The key subject areas of interest are:
Design Methods and Tools: CAD/EDA tools, hardware description languages, high-level and architectural synthesis, hardware/software co-design, platform-based design, 3D stacking and circuit design, system on-chip architectures and IP cores, embedded systems, logic synthesis, low-power design and power optimisation.
Simulation, Test and Validation: electrical and timing simulation, simulation based verification, hardware/software co-simulation and validation, mixed-domain technology modelling and simulation, post-silicon validation, power analysis and estimation, interconnect modelling and signal integrity analysis, hardware trust and security, design-for-testability, embedded core testing, system-on-chip testing, on-line testing, automatic test generation and delay testing, low-power testing, reliability, fault modelling and fault tolerance.

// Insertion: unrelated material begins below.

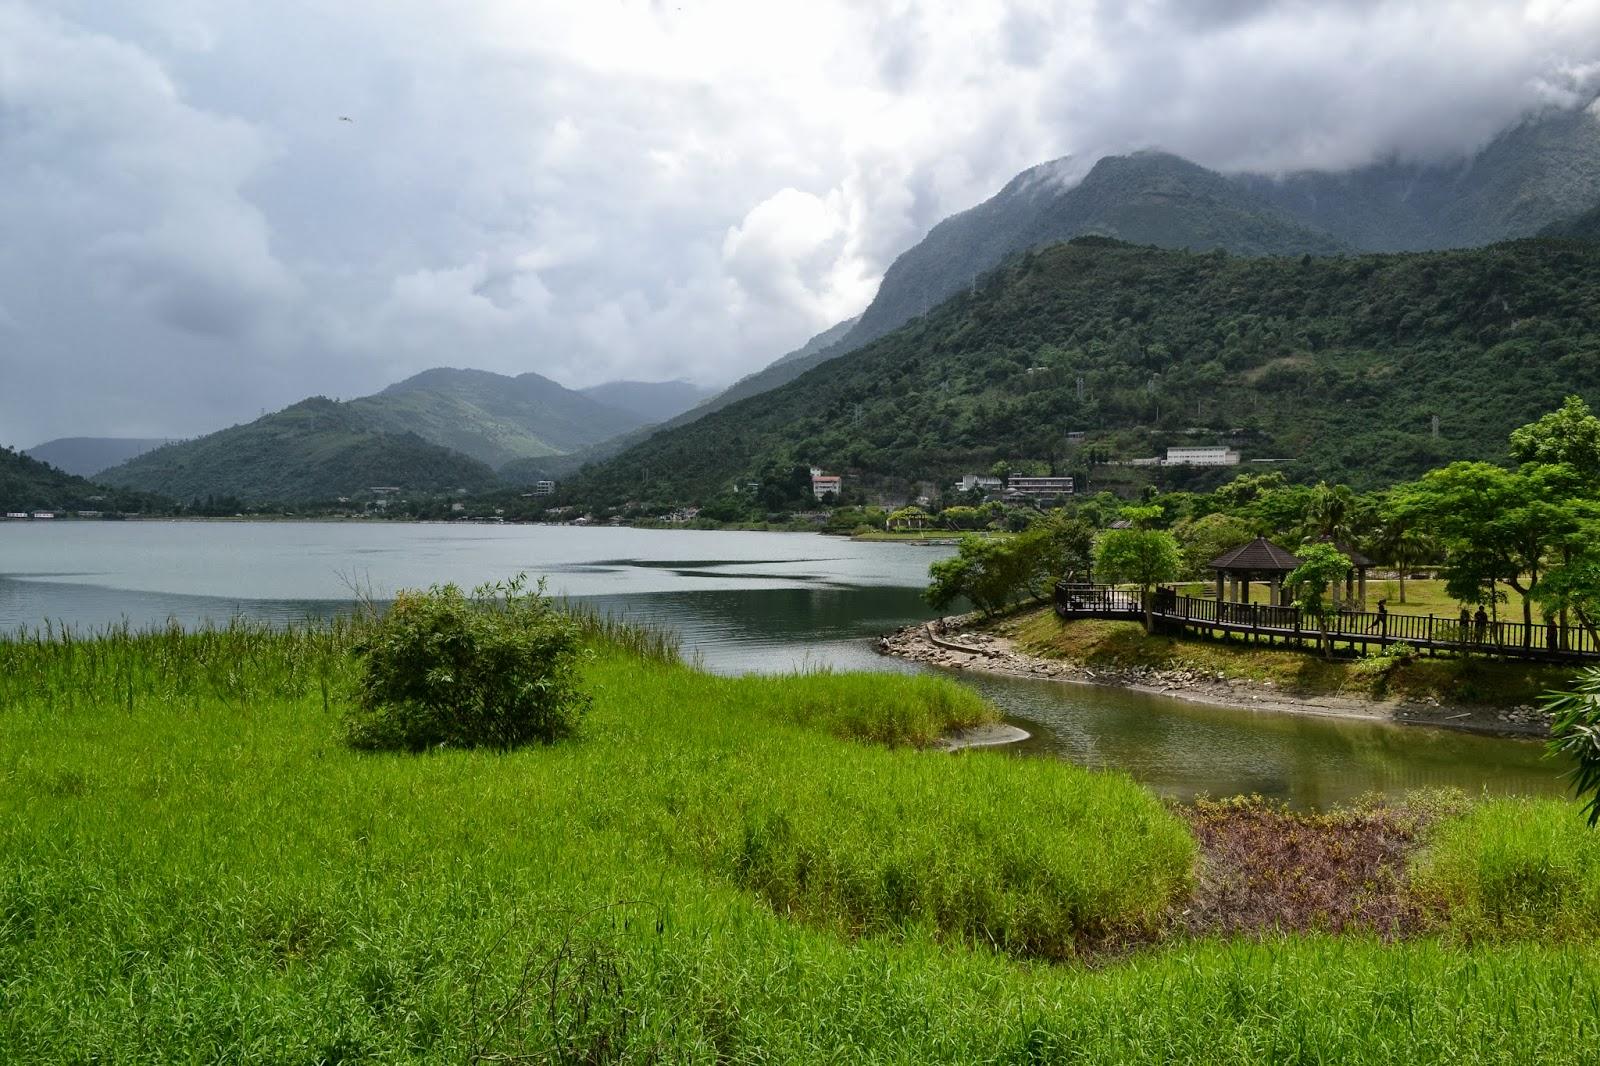 Nanda & Nathan The Travellers: Liyu Lake
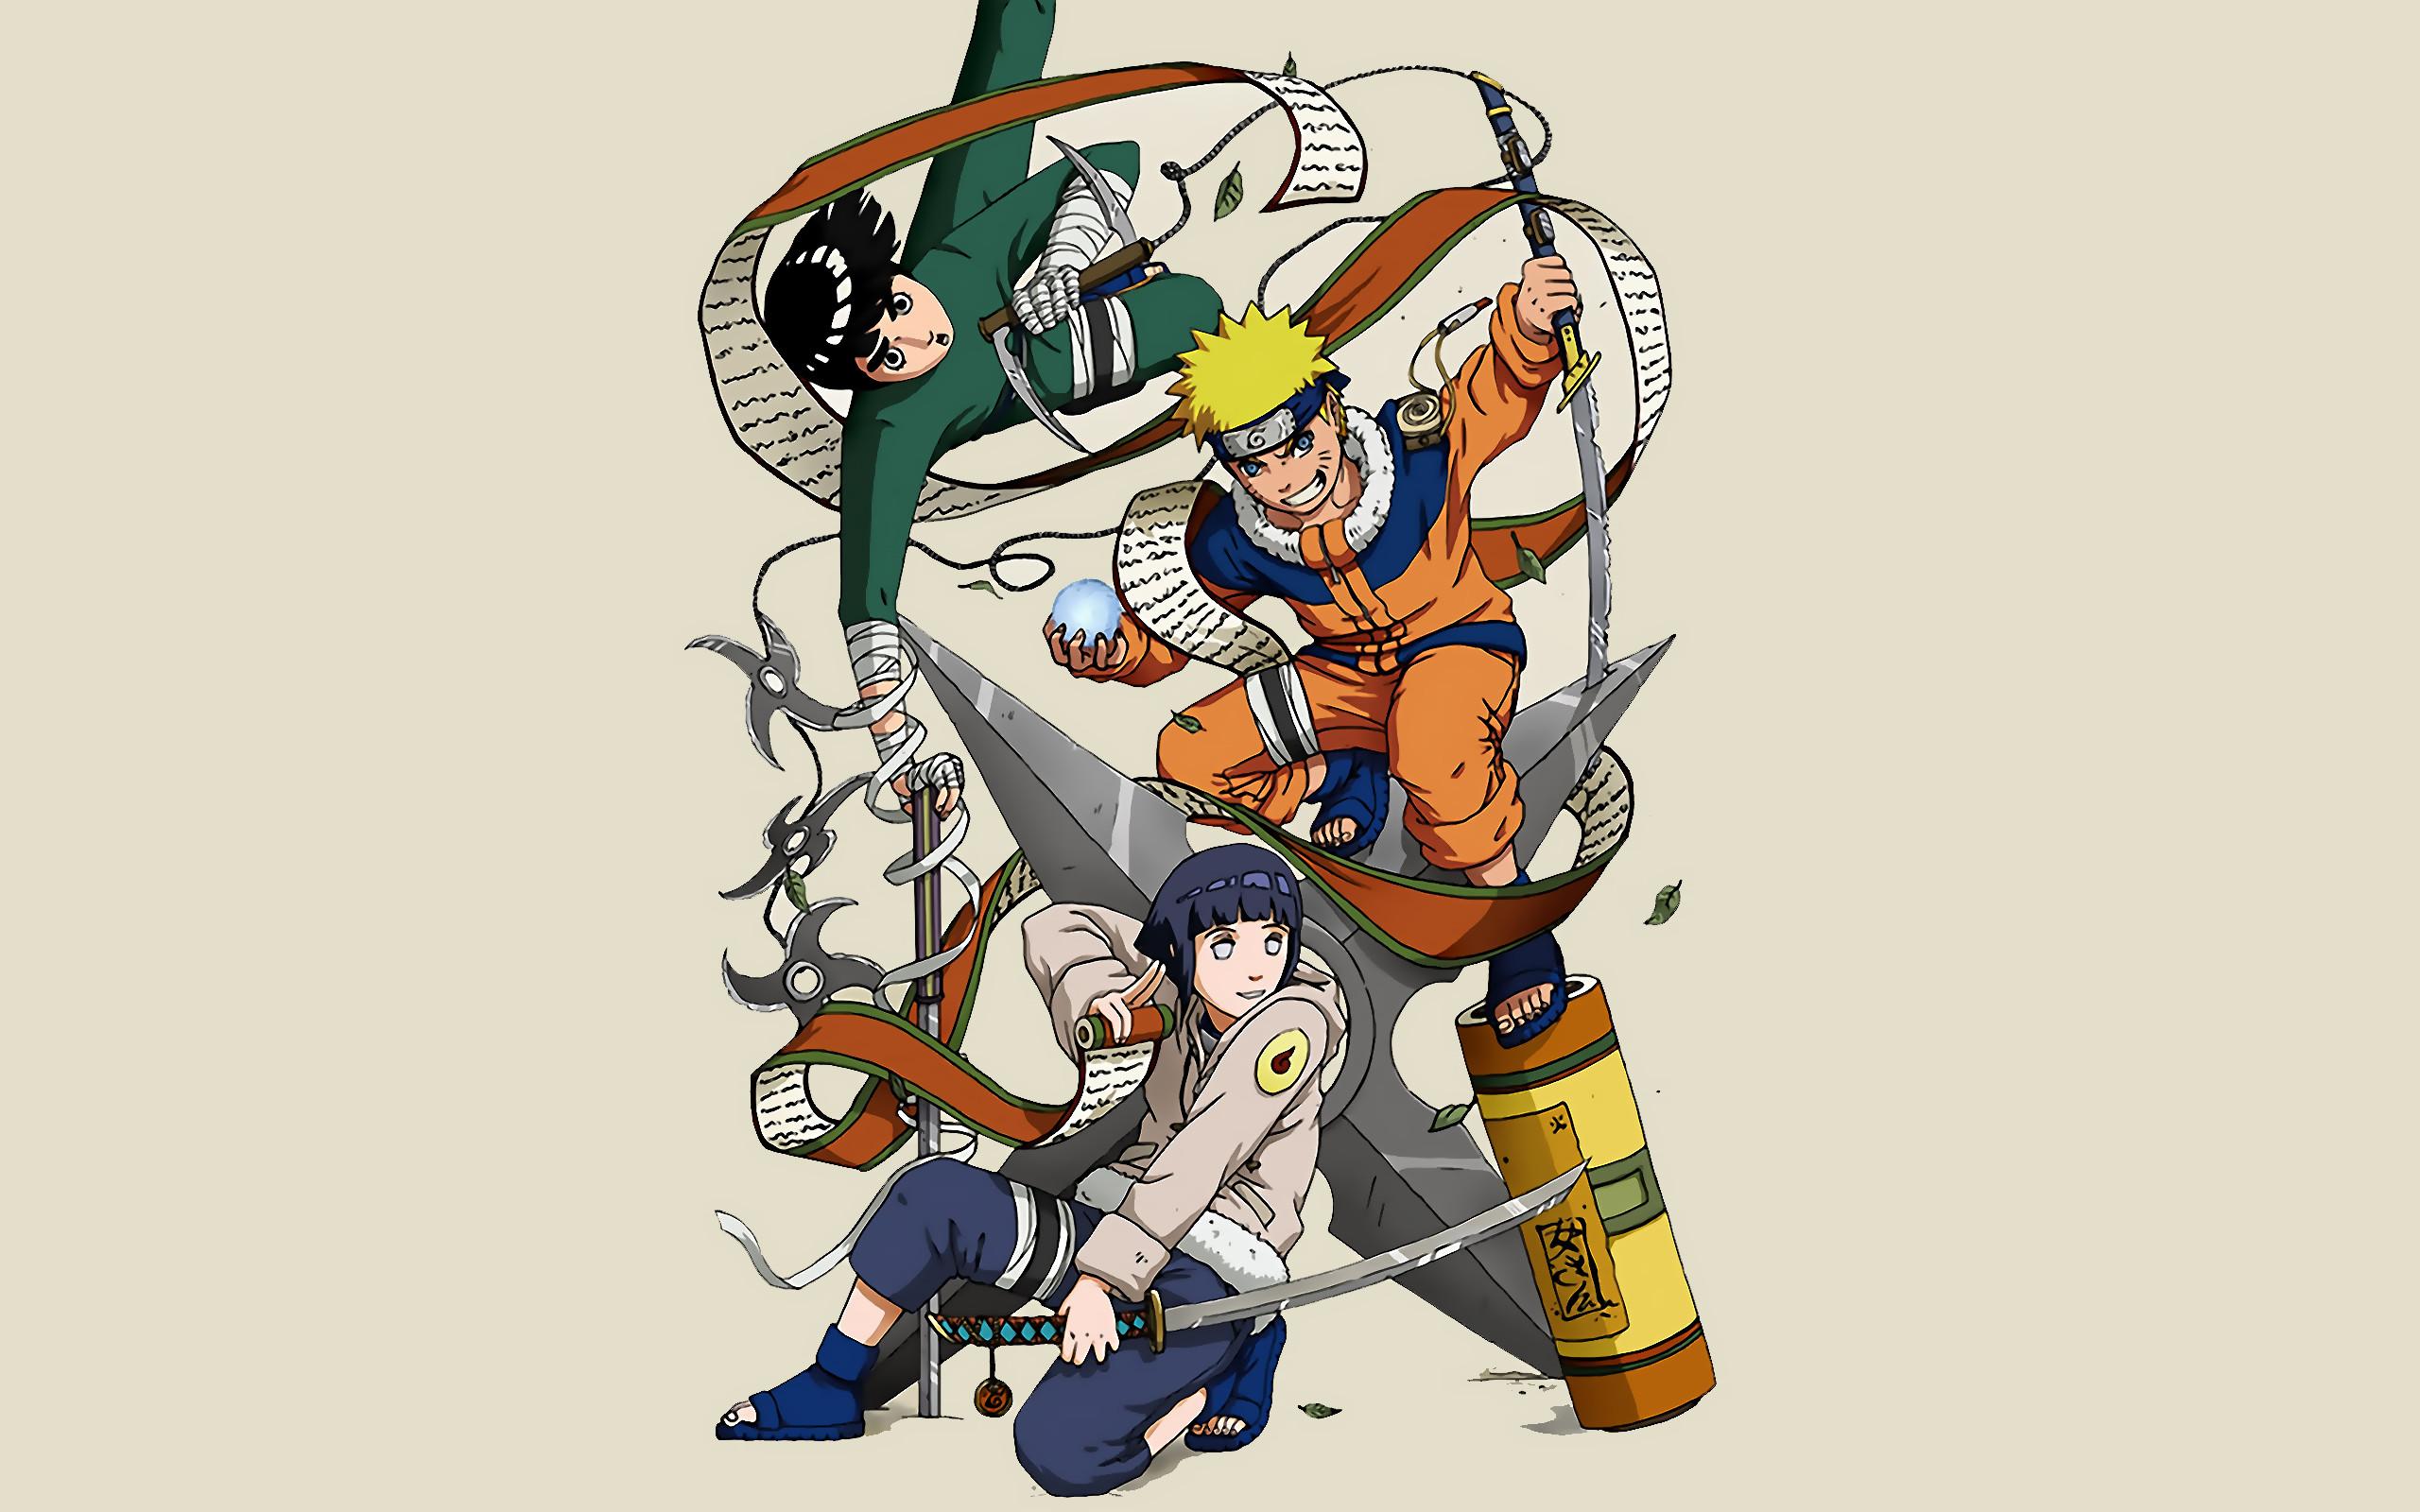 Res: 2560x1600, Naruto shippuden hyuuga hinata rock lee naruto uzumaki ninja scroll  wallpaper |  | 19098 | WallpaperUP

Processor and System Architectures: many-core systems, general-purpose and application specific processors, computational arithmetic for DSP applications, arithmetic and logic units, cache memories, memory management, co-processors and accelerators, systems and networks on chip, embedded cores, platforms, multiprocessors, distributed systems, communication protocols and low-power issues.
Configurable Computing: embedded cores, FPGAs, rapid prototyping, adaptive computing, evolvable and statically and dynamically reconfigurable and reprogrammable systems, reconfigurable hardware.
Design for variability, power and aging: design methods for variability, power and aging aware design, memories, FPGAs, IP components, 3D stacking, energy harvesting.
Case Studies: emerging applications, applications in industrial designs, and design frameworks.